Thai Buddhist temple in Bangkok, Thailand

Wat Prasert Sutthawat, also written as Wat Prasoet Sutthawat (วัดประเสริฐสุทธาวาส), often abbreviated to Wat Prasert (วัดประเสริฐ) is an ancient Thai Buddhist temple in Bangkok.

== Background ==
The old civil monastery built in 1838 located by the canal Khlong Rat Burana. Its history is told that a pig-raising Chinese had found three large jars full of money. He donated to build the temple. Later, the magnate, Phra Prasertwanit (Seng Sreshthaputra) had the monastery renovated and dedicated to King Nangklao (Rama III), the king conferred the name Wat Prasert Bunpha Sutthawat (วัดประเสริฐบุณพสุธาวาส) to the temple.

It was renamed to current name, but the locals prefer to call Wat Klang (วัดกลาง, lit "central temple") due to its location close to the middle of the canal.

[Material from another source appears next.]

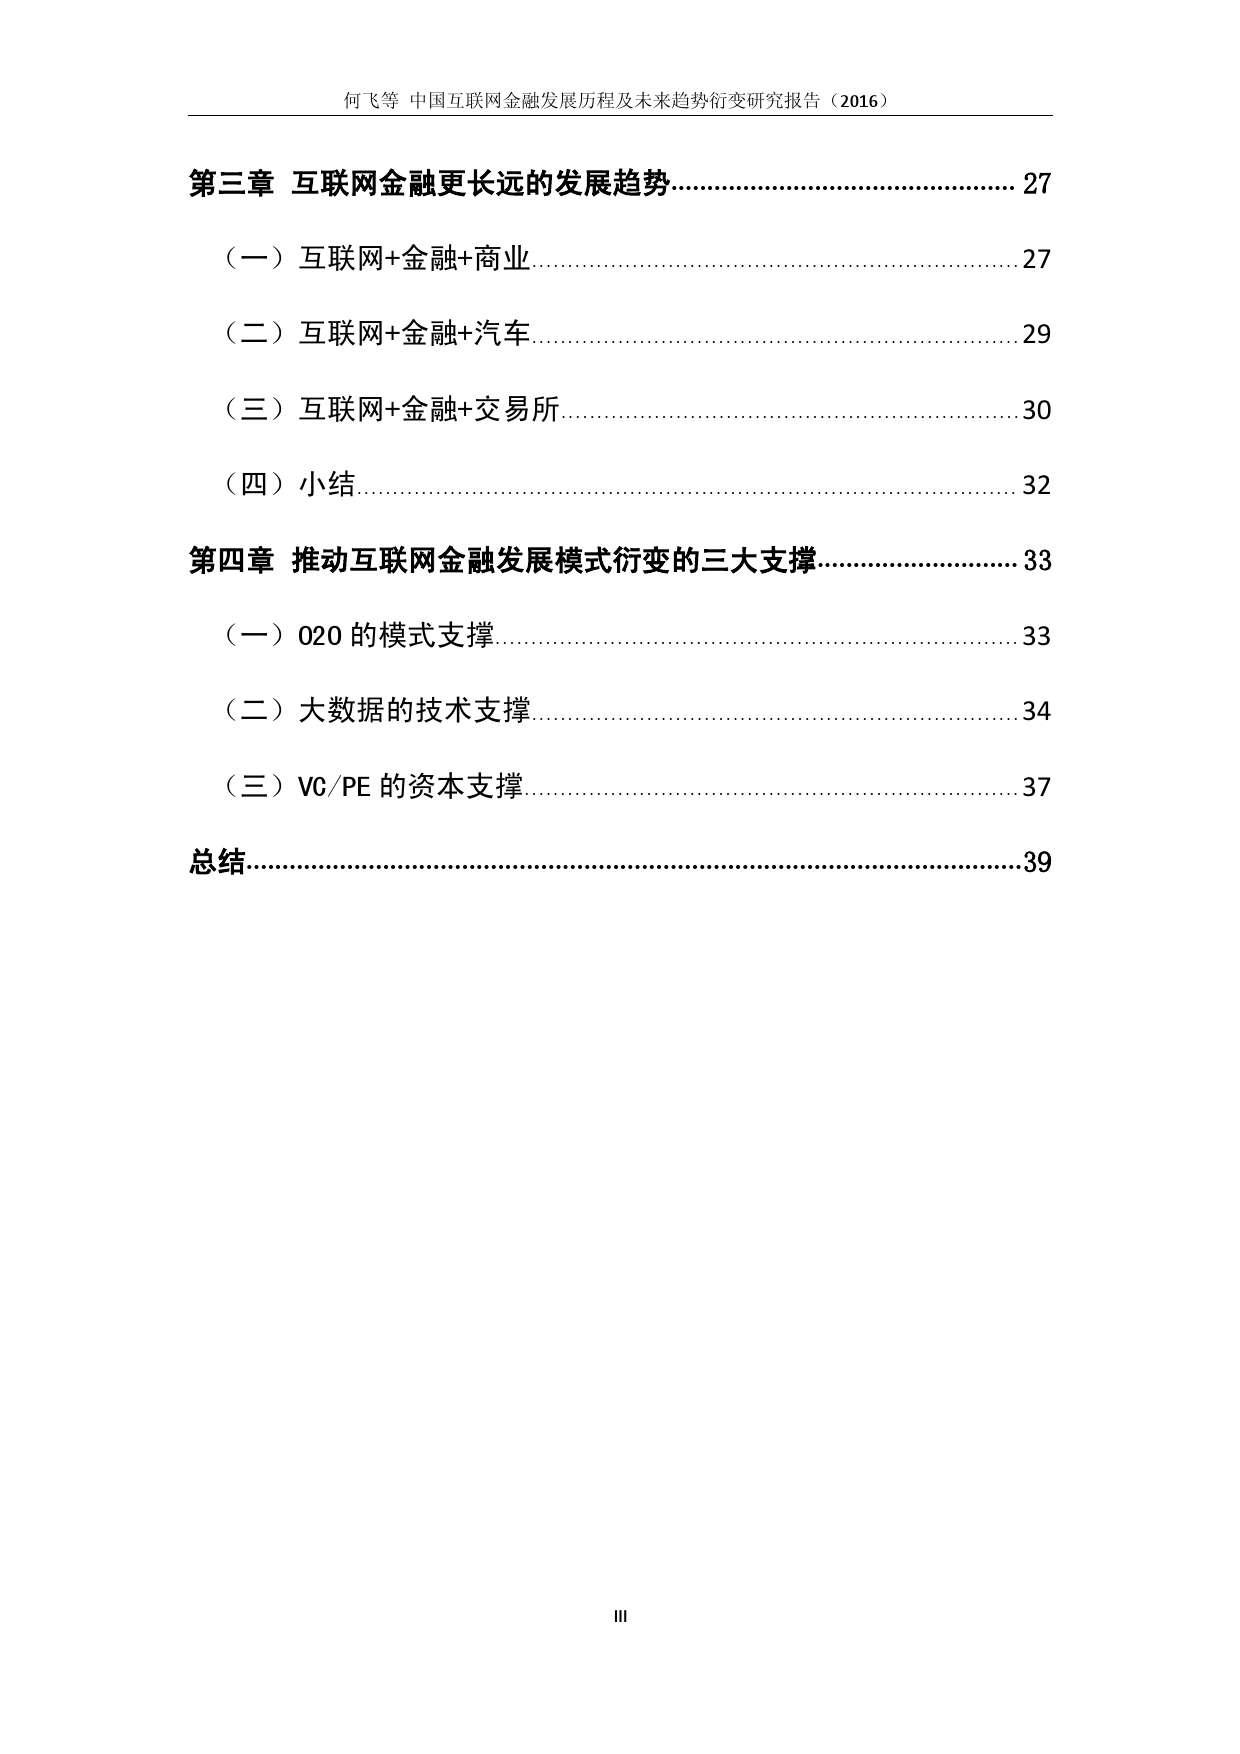 中国互联网金融发展历程及未来趋势衍变研究报告(2016)_000003
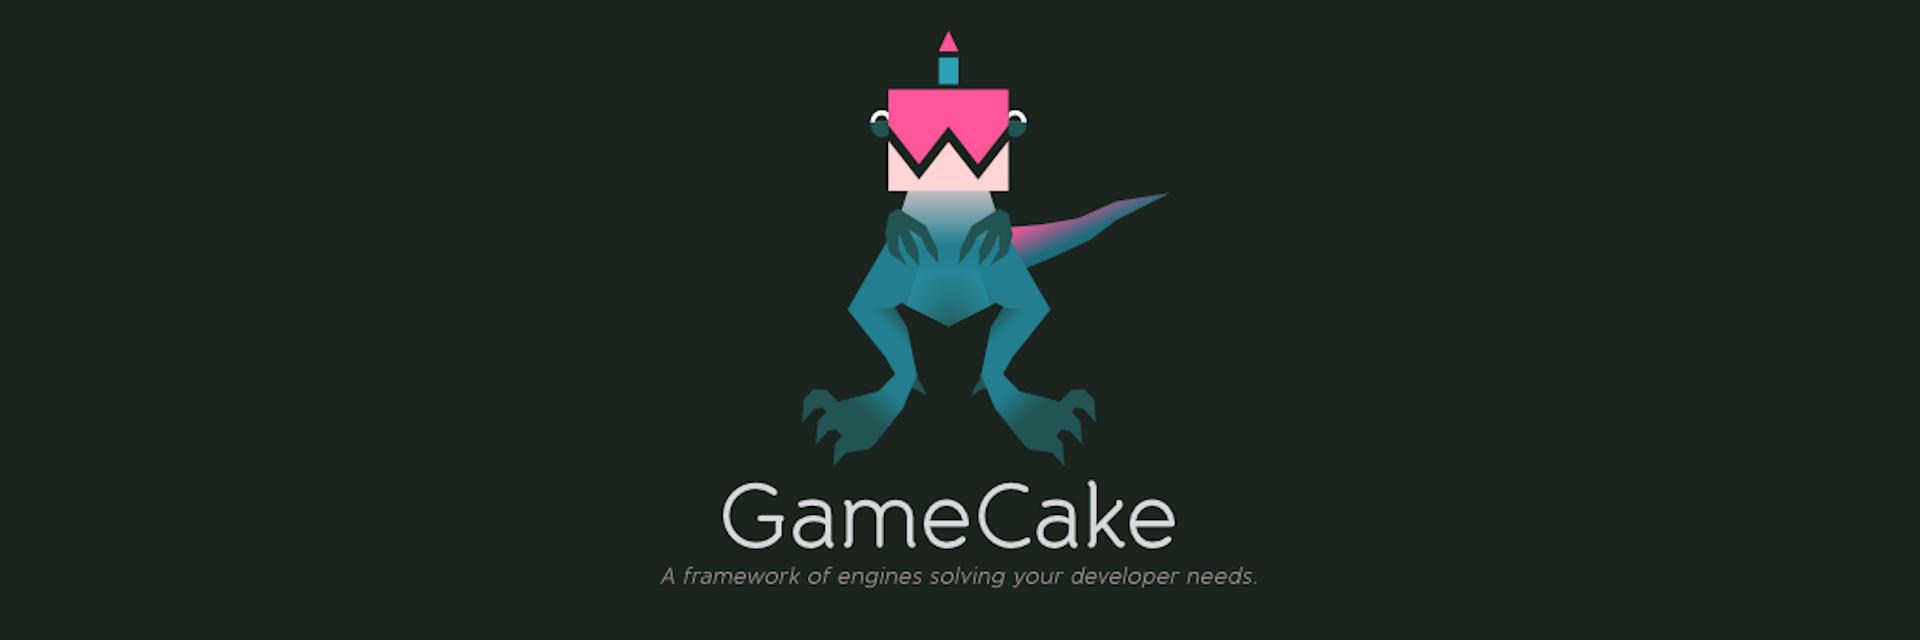 gamecake banner

The architecture of the temple, especially the ubosot (อุโบสถ, "ordination hall), is Chinese style similar to joss house. Inside there are murals by Chinese artists depicting the story of Romance of the Three Kingdoms in Chinese ink, the only one in Thailand. Assumed that these artists were also the creators of the paintings inside the ubosot of Wat Ratcha-orasaram in the neighbouring, Chom Thong.

Bai sema (ใบเสมา, "temple boundary stone") battlements around ubosot are made of red sandstone. The principle Maravijaya attitude Buddha image named Luang Pho Soisuwannarat (หลวงพ่อสร้อยสุวรรณรัตน์), also made of red sandstone, was of U Thong era.

The Fine Arts Department registered the temple as an ancient monument in 1994.